1、.NET Core 文件路径解决方法,统一Linux Window
2、 ZipFIle解压原理
解析主流程
0 获取压缩包对象文档
在上篇文章中说到首先是读取压缩包文件,然后讲压缩包转为对象ZipArchive
using (ZipArchive archive = ZipFile.Open(sourceArchiveFileName, ZipArchiveMode.Read, entryNameEncoding))
{
archive.ExtractToDirectoryExtension(destinationDirectoryName, overwriteFiles);
}
1 初始化压缩文档的处理模式
ZipFile.Open(string archiveFileName, ZipArchiveMode mode, Encoding? entryNameEncoding) 方法中
- 声明文件操作模式为打开(打开、创建、截取等)
- 声明对文件的访问方式为读操作(读、写、读并写)
- 共享权限
详细查看读取文件流
FileStream(String, FileMode, FileAccess, FileShare, Int32, Boolean)
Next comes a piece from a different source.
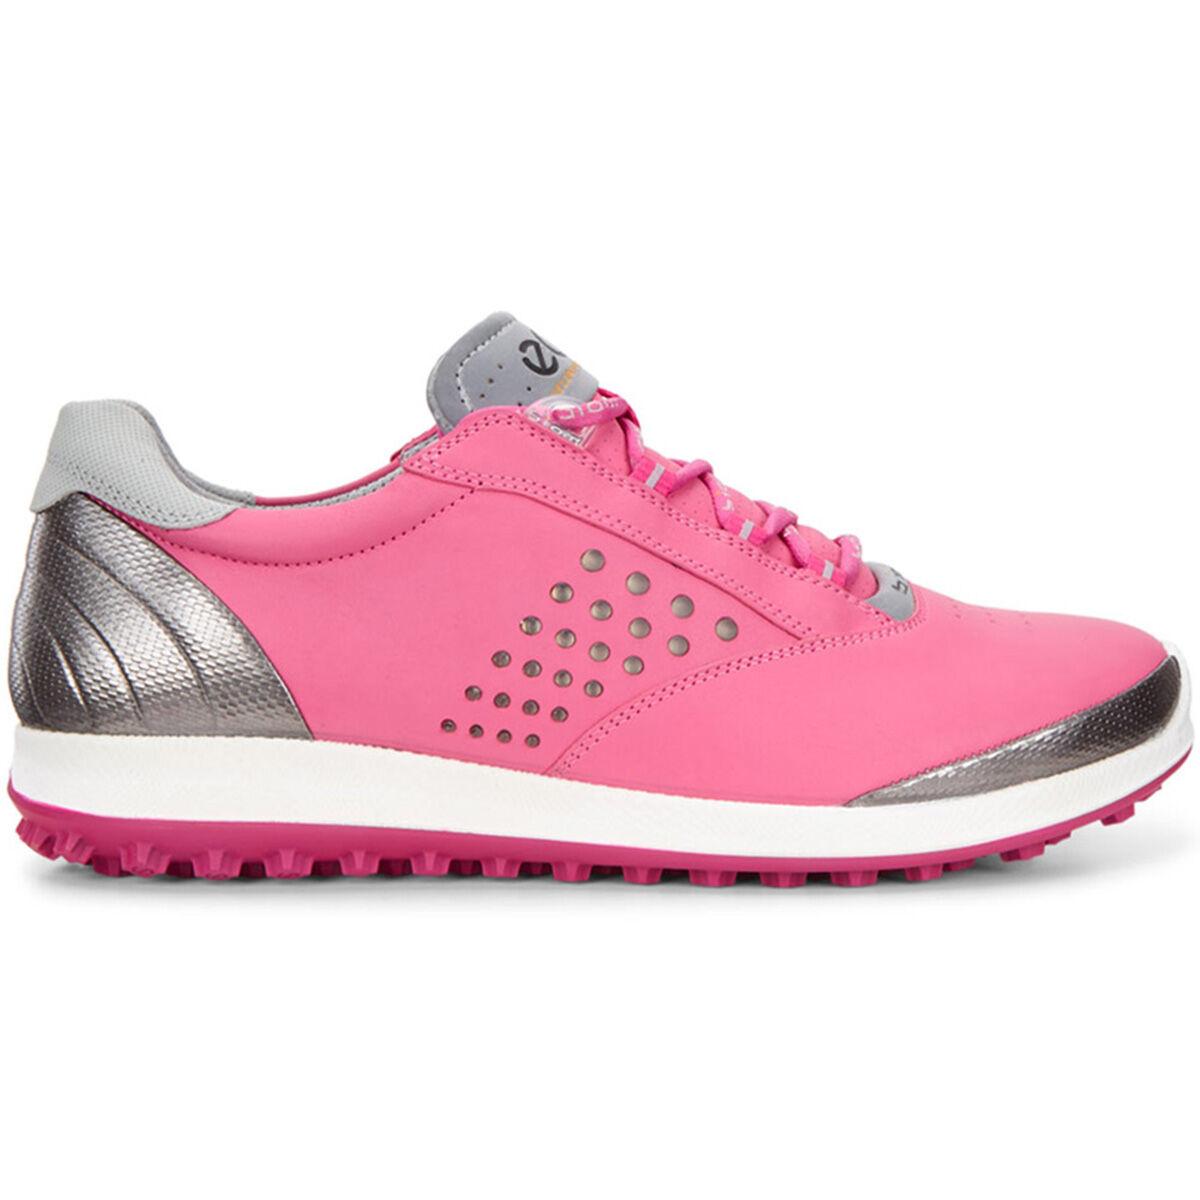 Crampons Ecco Femmes Biom Chaussures 2 Pour 2016 Hybrid Sans EHYeDW29I

使用指定的路径、创建模式、读/写和共享权限、缓冲区大小和同步或异步状态初始化 FileStream 类的新实例。
参考资料:https://docs.microsoft.com/zh-cn/dotnet/api/system.io.filestream?view=netcore-3.1
2 初始化压缩包对象的数据
接下来就是创建ZipArchive对象
public ZipArchive(Stream stream, ZipArchiveMode mode, bool leaveOpen, Encoding? entryNameEncoding)
- 打开压缩文件为文件流后转为二进制流,供解析Zip数据量用
- 初始化压缩文档集合变量,供获取压缩条目用于储存到本地
- 初始化压缩文档字典,根据文档名称获取压缩文档
- 其他初始化工作
- 读取压缩包核心目录结束标记,用于计算压缩头目录开始位置
public ZipArchive(Stream stream, ZipArchiveMode mode, bool leaveOpen, Encoding? entryNameEncoding)
{
if (stream == null)
throw new ArgumentNullException(nameof(stream));
EntryNameEncoding = entryNameEncoding;
Stream? extraTempStream = null;
try
{
//省略代码
//初始化 ZipArchive 数据
//省略代码
_entriesCollection = new ReadOnlyCollection<ZipArchiveEntry>(_entries);
switch (mode)
{
//省略代码
//。。。
//省略代码
case ZipArchiveMode.Read:
//读取中央目录结束标记
ReadEndOfCentralDirectory();
break;
//省略代码
//。。。
//省略代码
}
}
catch
{
if (extraTempStream != null)
extraTempStream.Dispose();
throw;
}
}
方法ReadEndOfCentralDirectory
private void ReadEndOfCentralDirectory()
{
// This seeks backwards almost to the beginning of the EOCD, one byte after where the signature would be
// located if the EOCD had the minimum possible size (no file zip comment)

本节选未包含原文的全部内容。